Friday, April 27, 2007

School Shootings and Other Ills of 60s Dogmas

Thomas Sowell recently wrote an article at National Review in which he points out that school shootings are an outcropping of the 60's. Prior to the 60's these types of things were virtually unheard of. So what changed in the 1960s that led to these kinds of tragedies?

Sowell places blame squarely on collective guilt and a subsequent lack of personal responsibility.


What was there in the 1960s vision of the world that could possibly lead anyone to consider it right to shoot at individuals who had done nothing to him?


Collective guilt is one of the legacies of the 1960s that is still with us. We are still seeing a guilt trip for slavery being laid on people who never owned a slave in their lives, and who would be repelled by the very idea of owning a slave.

Back in the 1960s, it was considered Deep Stuff among the intelligentsia to say that American society — all of us collectively — were somehow responsible for the assassinations of the Kennedy brothers and Martin Luther King.

During the 1960s, the idea spread like wildfire that whatever you were lacking was someone else’s fault — society’s fault. If you were poor, whether at home or in some third-world country, you were one of the “dispossessed” — even if you had never possessed anything to dispossess you of.

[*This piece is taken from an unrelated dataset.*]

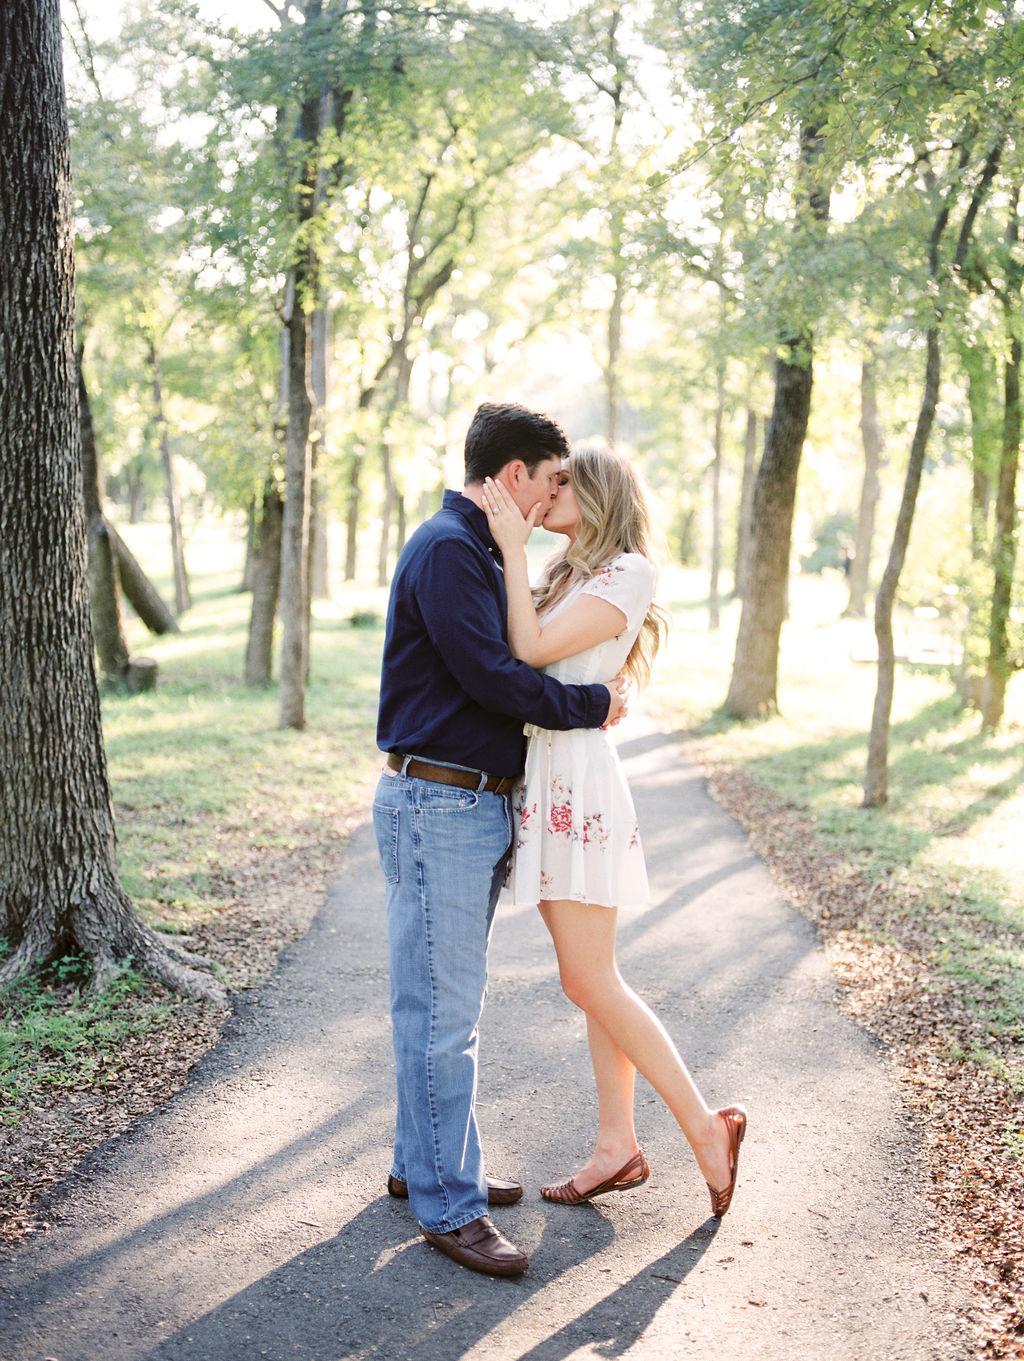 Austin-Film-Wedding-Engagement-Photographer-McKinney-Falls-10.jpg

Pretty Deep Stuff indeed. But it makes sense. A lot of sense. Cho, the VA Tech shooter, didn't personally know the people he was shooting, but it seems they represented an element of society he blamed for his problems. Sounds very familiar. While not many folks would go to the lengths Cho did, there are vast numbers of people who see the world precisely how he did. Their problems have nothing to do with anything of their own doing; society or some faction thereof is to blame. And there's danger in that kind of thinking - and potential for violence. People get angry - even hateful - when they believe that society or some collective is causing their problems.

If other people are somehow responsible for whatever is lacking in your life, lashing out at random against individuals who have done nothing to you personally can sound plausible to many people.


Sowell's article is a good read and I suggest you visit the link and read the rest. It's short but well worth the time.


Blaming others for your problems is quite convenient. But it takes away from your own personal responsibility of dealing with them. Now it becomes an issue of getting others to fix your problems for you instead of doing something to fix them yourself. It leads to frustration which leads to anger and in the right human being it becomes a recipe for violence. As we've seen several times over going back to the urban riots of the 60s.



2 Comments:

Blogger Ryan said...

what a good comment this is...."Nor is gun control the magic answer, as often suggested by the same kind of people who believe in collective responsibility instead of individual responsibility"

Friday, April 27, 2007 10:24:00 AM  
Blogger Unknown said...

Yeah there were a lot of good comments in his Sowell's article. I wanted to just copy and paste the whole thing!